Heading Home

By Benjamin Selesnick

You’re sitting at our bench. I see you: fifteen years old, late into a sweltering July night, just as you once were. The landscaped park is austere in its sparse lighting. The woods are on my right, basketball courts down the hill. Marigolds sit in buckets hanging from lampposts.

I walk to the bench but decline to sit beside you. If I did, maybe you’d disappear, scatter in the wind like ash. Instead, I study you. Your eyes are gone, leaving craters in their place; your lips wrap around the front of your head like a handkerchief, allowing for the back of your head to act as a hinge; there’re darkened rims around your nostrils; your cheeks retain the fleshiness of boyhood; and you’re wearing your insulated flannel jacket, black with red highlights, even though the evening’s much too hot for it.

You’re a spirit, I suppose.

On the ground beside you is a thin baggie, 0.4 grams dampened by a sprinkling earlier in the day, tucked between a knotted twig and discarded glove. I—we—lost it eight years back. Once in my hand, then gone. I knew it’d be around here somewhere—it didn’t just fly away. I pick it up, unzip it, squeeze the moisture out of the sickly moss, and place it on the arm of the bench, waiting for you to take hold.

Silent, statuesque. I want to push you, to make sure you’re real, but don’t dare. Your presence is godly, and I’m not the one to test it. Instead, I warily nudge the baggie closer to you, edging it up to your elbow, as I would a bowl of feed to a timid chicken. You don’t flinch.

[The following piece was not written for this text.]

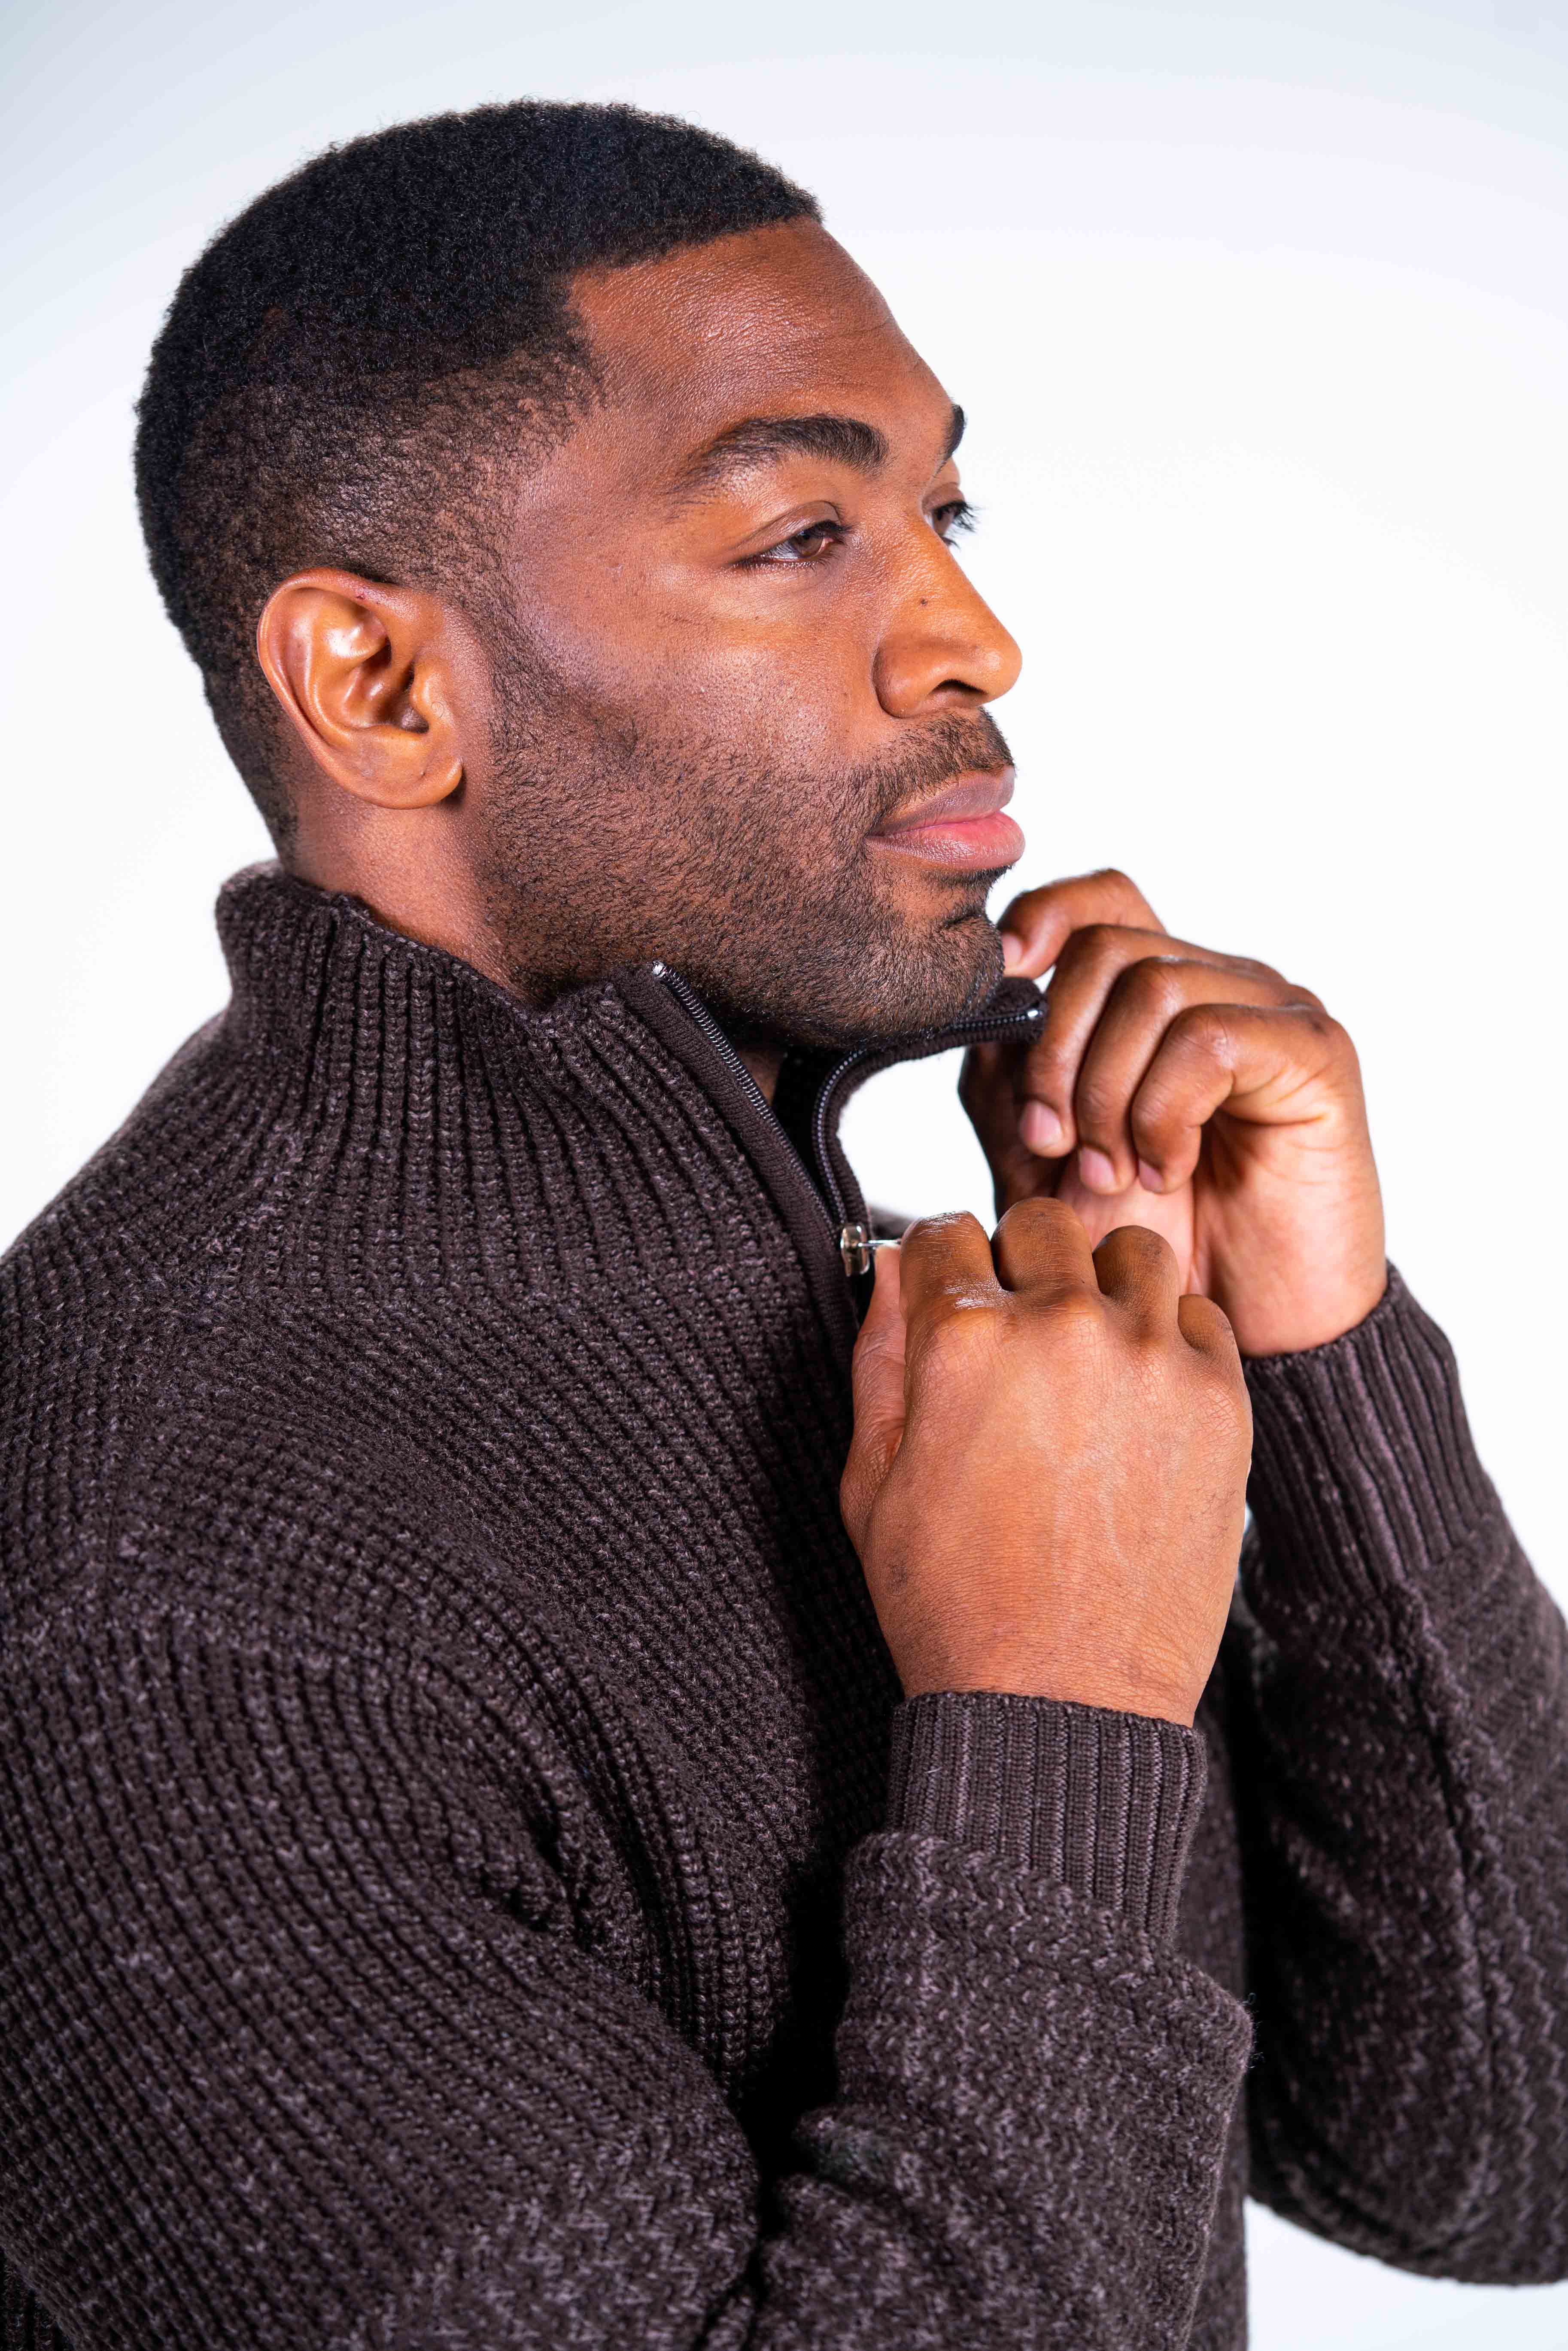 Closeup of the Sahara quarter-zip sweater showing the rib-knit sleeve ends and collar, which also is trimmed and features a silver zipper pull that cinches up the collar all the way to the top.

Confused by your inaction, I go over the hill to use the port-o-potty in hopes that privacy will invigorate you. When I come back over the hill, yes, you’ve repositioned yourself. Your arm is on the armrest, hand cupped over the baggie. You’ve kicked a leg up onto its opposite knee and your other arm rests on your kneecap. You look unnerved, unsettled. I doubt myself, feel nervous about <em>my </em>presence, but so be it. When the resurrected appear, you don’t run away.

Struck, a superstitious problem presents itself: How do I address you? By name? No—what if there’s a curse on your name, one that would make you float away? What if I say your name, your mouth opens, and buzzards spew out in response? What if you’re a demon? A foreboding oracle? What if you ignore me, labeling me insignificant?

I decide to be innocuous.

“What’d your apartment look like?” I ask.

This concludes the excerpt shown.